Tuesday, March 15, 2011

Chasing Rabbits

"'As they followed they were afraid' —Mark 10:32

At the beginning of our life with Jesus Christ, we were sure we knew all there was to know about following Him. It was a delight to forsake everything else and to throw ourselves before Him in a fearless statement of love. But now we are not quite so sure. Jesus is far ahead of us and is beginning to seem different and unfamiliar— 'Jesus was going before them; and they were amazed' (Mark 10:32).

There is an aspect of Jesus that chills even a disciple’s heart to its depth and makes his entire spiritual life gasp for air. This unusual Person with His face set 'like a flint' (Isaiah 50:7) is walking with great determination ahead of me, and He strikes terror right through me. He no longer seems to be my Counselor and Friend and has a point of view about which I know nothing. All I can do is stand and stare at Him in amazement. At first I was confident that I understood Him, but now I am not so sure. I begin to realize that there is a distance between Jesus and me and I can no longer be intimate with Him. I have no idea where He is going, and the goal has become strangely distant.

Jesus Christ had to understand fully every sin and sorrow that human beings could experience, and that is what makes Him seem unfamiliar. When we see this aspect of Him, we realize we really don’t know Him. We don’t recognize even one characteristic of His life, and we don’t know how to begin to follow Him. He is far ahead of us, a Leader who seems totally unfamiliar, and we have no friendship with Him.
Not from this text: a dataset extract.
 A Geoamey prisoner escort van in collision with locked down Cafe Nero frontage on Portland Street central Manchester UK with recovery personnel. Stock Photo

The discipline of dismay is an essential lesson which a disciple must learn. The danger is that we tend to look back on our times of obedience and on our past sacrifices to God in an effort to keep our enthusiasm for Him strong (see Isaiah 1:10-11). But when the darkness of dismay comes, endure until it is over, because out of it will come the ability to follow Jesus truly, which brings inexpressibly wonderful joy." (Oswald Chambers)
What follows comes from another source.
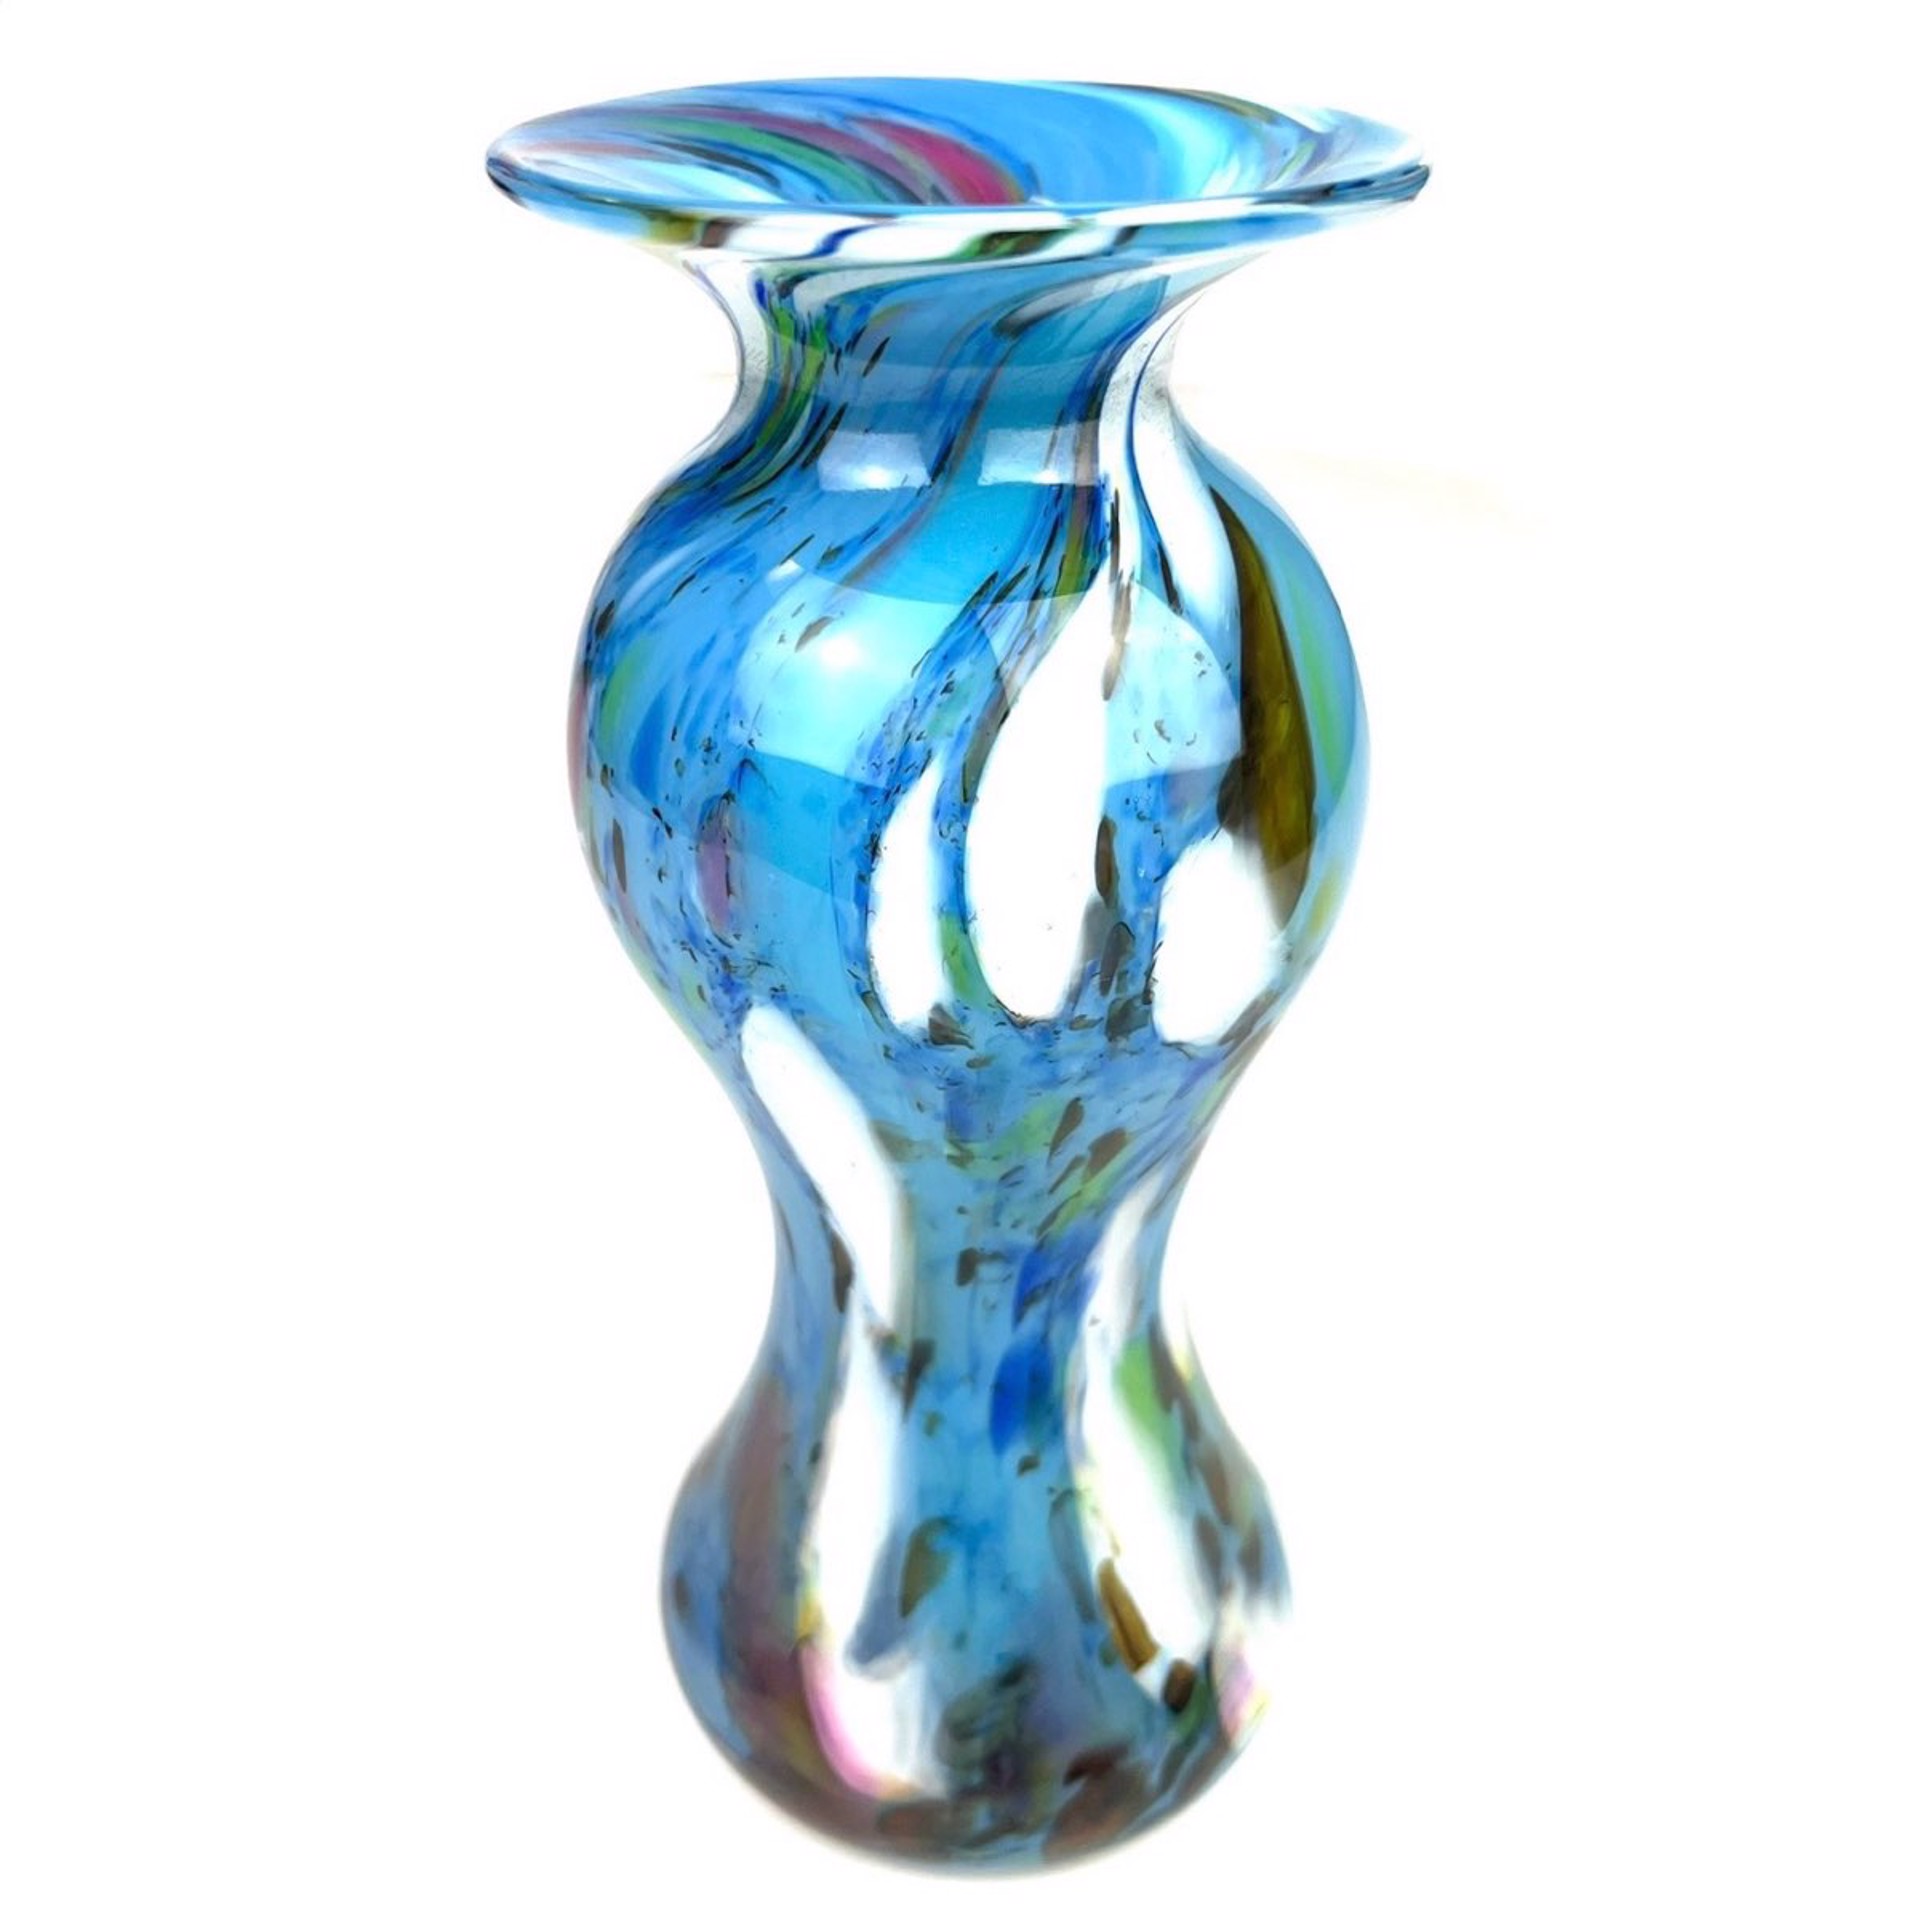 Flora Vase by Chad Balster

This is where I am currently. Many times though this new journey with Christ, I have been very confident in where He was taking me. Then other times, like now, I can become very insecure. Just the other day I was in Ouray with my family and had to step away from them in order to have some quiet so that I could set the day in focus. (I must start my day with Christ, otherwise I can be a monster.) I separated myself and went and sat on a bridge overlooking the river. I sat there and begged God to show me. Show me where I am supposed to go and what I was supposed to do next. "Please God, help me. I do not want to be chasing rabbits down a rabbit hole and miss what I have right in front of me. I do not want to be spending all this energy and time on something that is just leading me astray from what is truly important. I do not want to be striving for something that is not going to do anything, but to draw my attention away from my family. Help me to keep focus. Do not let me loose relationship with them and with You while I travel this path. Help me keep the moment in front of me as my focus while I try my best to obey You in the everyday."

Stepping out in obedience can be some of the hardest and most insecure times in our life. I do not want to look like a fool. I do not want to miss what God really has for me. I do not want to chase rabbits down a rabbit hole. I do not want to disobey, while trying to obey. It can become very confusing.

Then God sends me Oswald and I can hear Him speaking to me.... "Wait. Be patient. Just keep today as your focus and do your best today. You are not here to conquer the world. You are here to enjoy and have peace in this moment. You are here to love those I have given you. Tomorrow will take care of tomorrow. Work when I tell you to work and rest when I tell you to rest. Nothing may happen in others eyes, but you will be able to see Me more clearly. Show your children, today, how much I love them. Show your husband, today, how much I love him. It is in the moment that you will find My peace and love. I will take care of the big picture. You take care of the moment, while you walk in obedience to Me, today."